Fair enough, thanks for your reply.


----------



## MacB (20 Dec 2009)

I would really like to know how you build up a bike for £200?


----------



## MajorMantra (20 Dec 2009)

MacB said:


> I would really like to know how you build up a bike for £200?



Start with an old road bike and you could easily do it. A suicide hub conversion could easily come in under £100 if the bike was cheap to begin with and you can pick up a basic fixed wheelset for something like £90.

Matthew


----------



## MajorMantra (20 Dec 2009)

Just had a look at that site actually. The conversions do look a bit overpriced but the Prima that they're releasing next year seems quite decent actually - a full build with a new 4130 frame isn't bad value at £399.

Matthew


----------



## chris667 (21 Dec 2009)

I have to say, it worries me one of their bikes has a magic gear. Very dangerous unless you are watching it like a hawk.

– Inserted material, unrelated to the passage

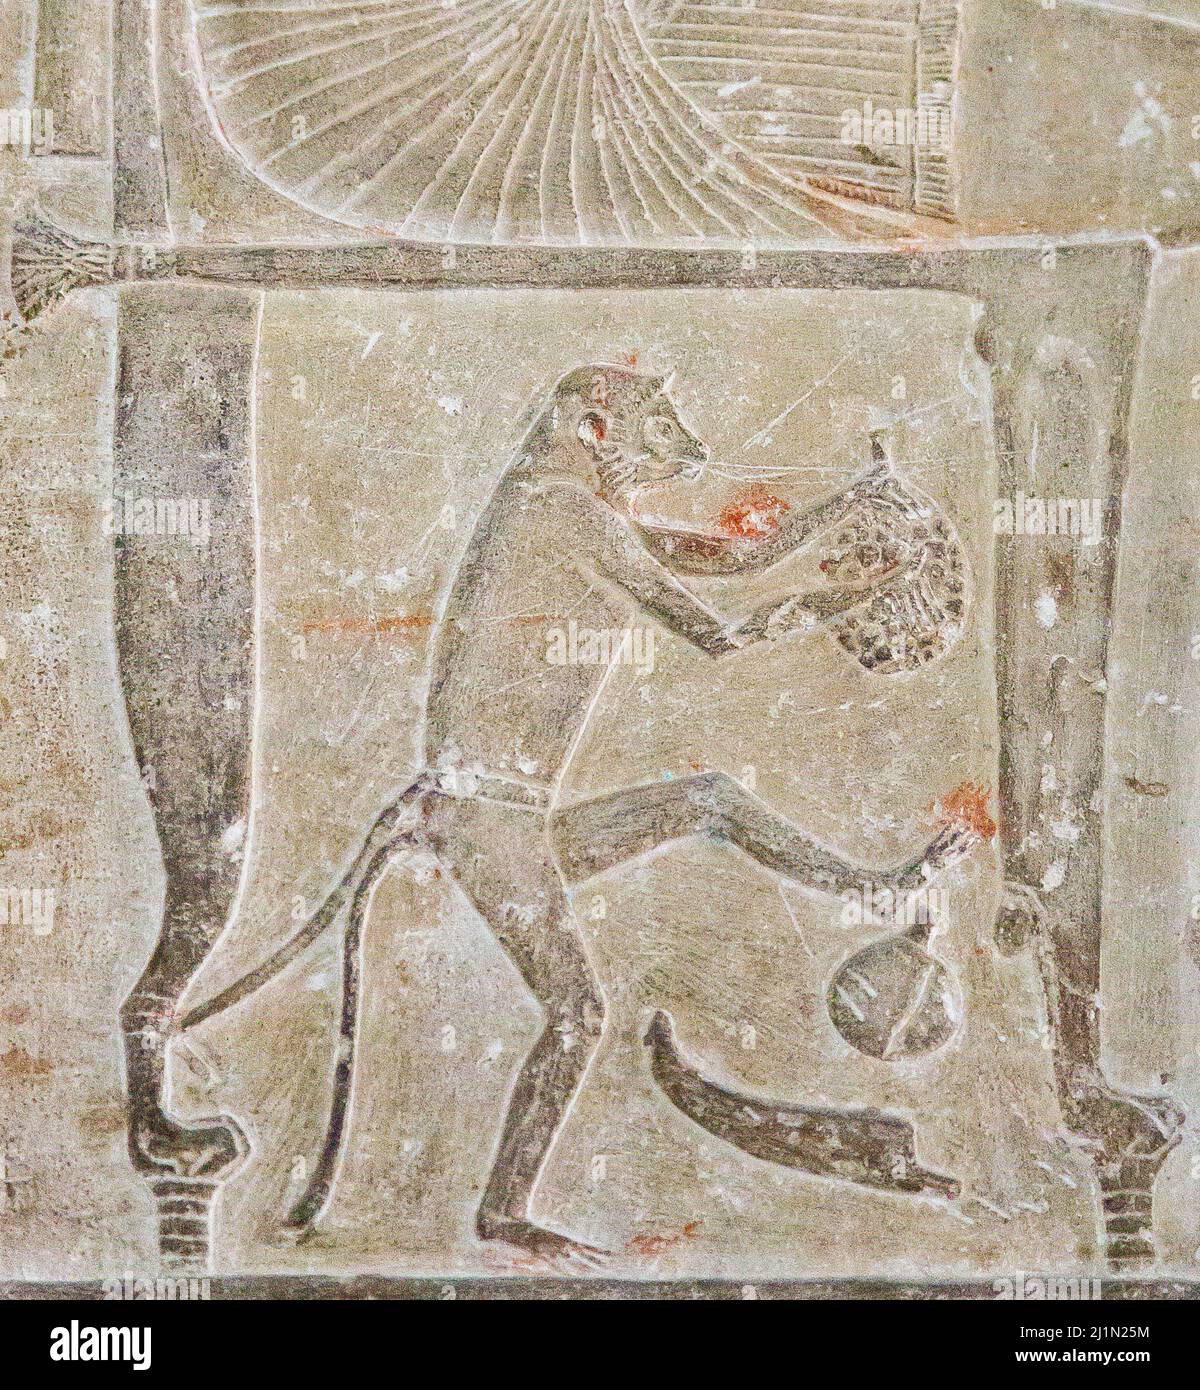 Le Caire, Musée égyptien, de Saqqara, tombeau de Ptahmose. Sous la chaise du défunt, un petit singe mange des fruits. Banque D'Images

I'd ride a bike with a magic gear if I built it myself, but I wouldn't sell someone else one, and these people shouldn't either.


----------



## MajorMantra (21 Dec 2009)

chris667 said:


> I have to say, it worries me one of their bikes has a magic gear. Very dangerous unless you are watching it like a hawk.
> 
> I'd ride a bike with a magic gear if I built it myself, but I wouldn't sell someone else one, and these people shouldn't either.

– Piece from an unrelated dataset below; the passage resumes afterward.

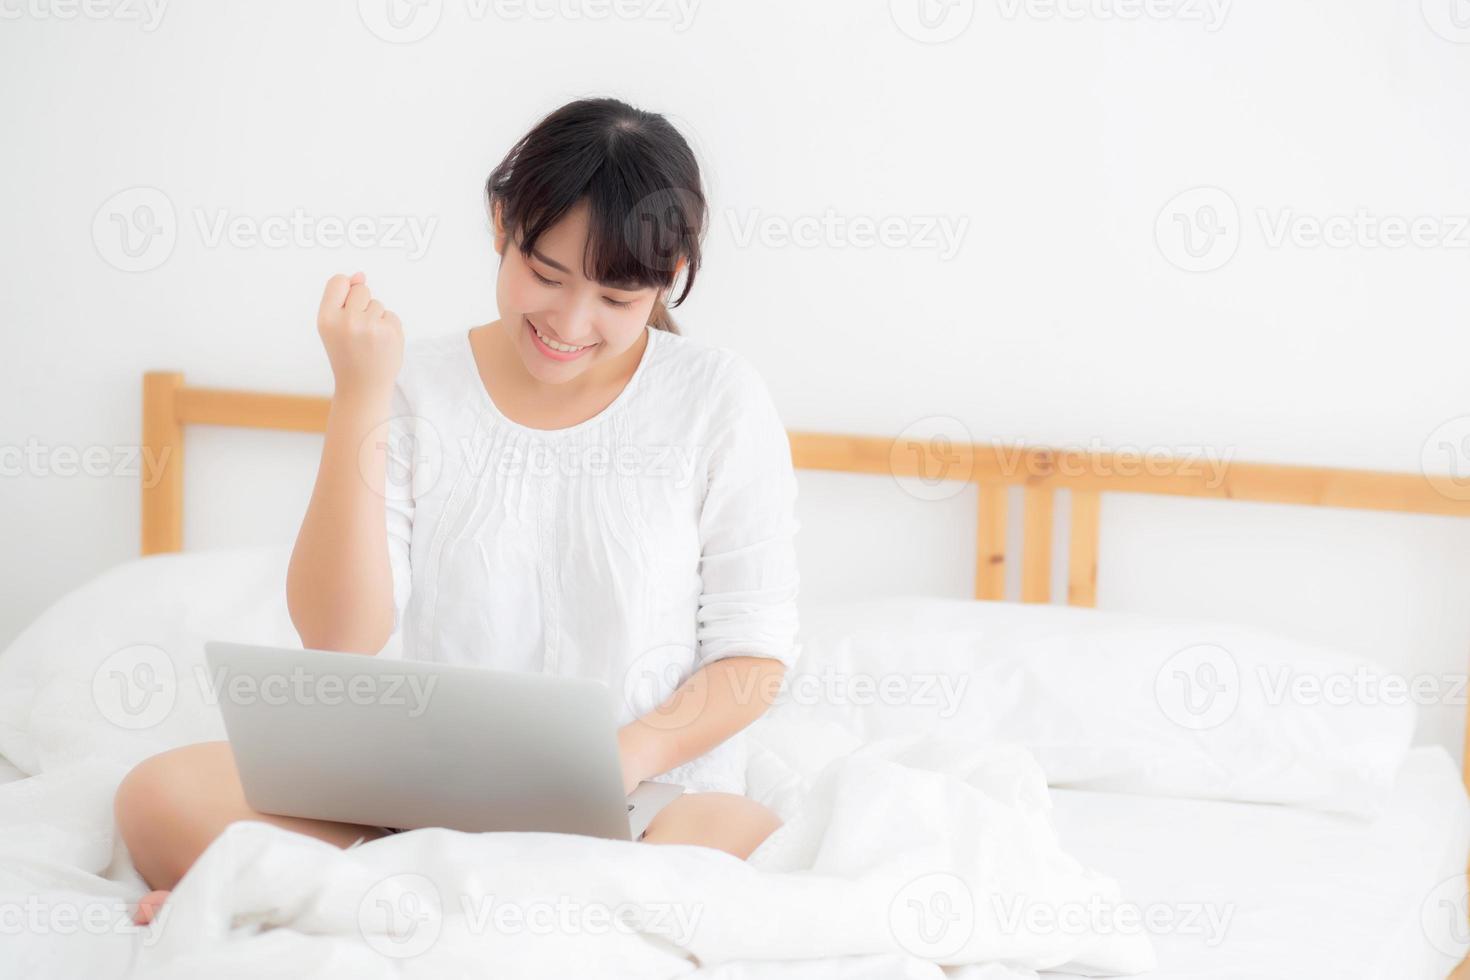 linda de retrato jovem asiático sentado relaxe e lazer com internet de computador portátil on-line na cama no quarto, alegre de garota asiática com gesto feliz e sucesso, conceito de estilo de vida. foto

What's so dangerous about it? With a decent chainline and appropriate chainset the chain shouldn't come off unless it's really quite slack. Plenty of people ride magic gears without problems.

Matthew


----------



## irontam (21 Dec 2009)

I wouldn't buy one, but then I like building them.

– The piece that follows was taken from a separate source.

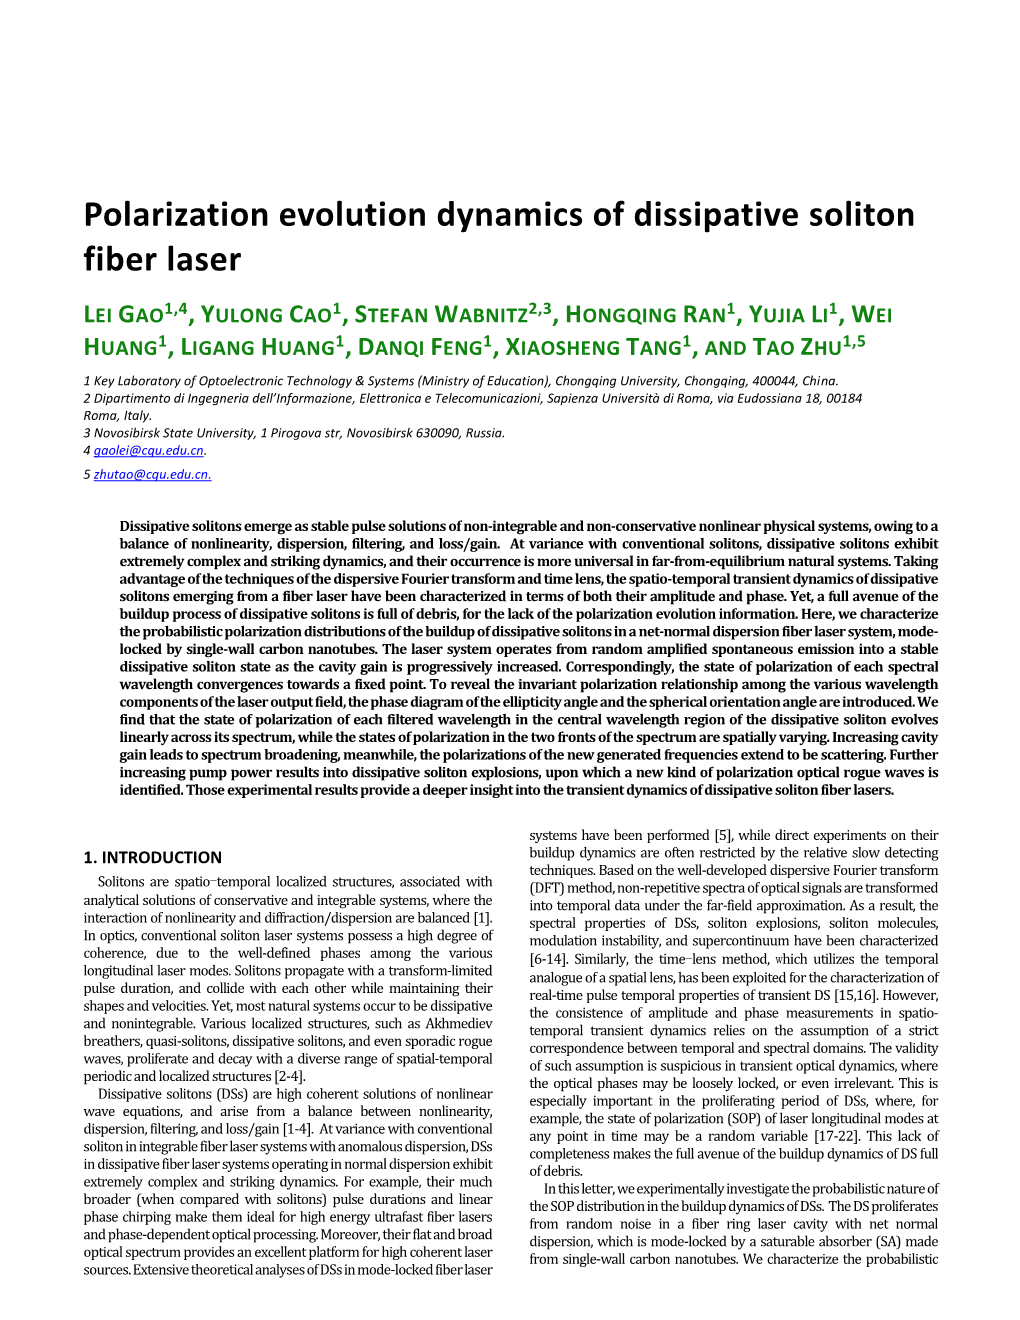 Polarization Evolution Dynamics of Dissipative Soliton Fiber Laser

If you couldn't or don't want to build one, then maybe buying one of these rebuilds with a warranty gives you peace of mind as well as the kudos of running old-tech.

Still, it seems pretty pricey. But then it is London, where people are happy to pay a premium.


----------



## chris667 (21 Dec 2009)

MajorMantra said:


> What's so dangerous about it? With a decent chainline and appropriate chainset the chain shouldn't come off unless it's really quite slack. Plenty of people ride magic gears without problems.
> 
> Matthew



It's dangerous if you don't know how slack a chain you can get away with, and as these are meant for people that just want a bike without learning about bike building it's definitely a safety issue, IMO.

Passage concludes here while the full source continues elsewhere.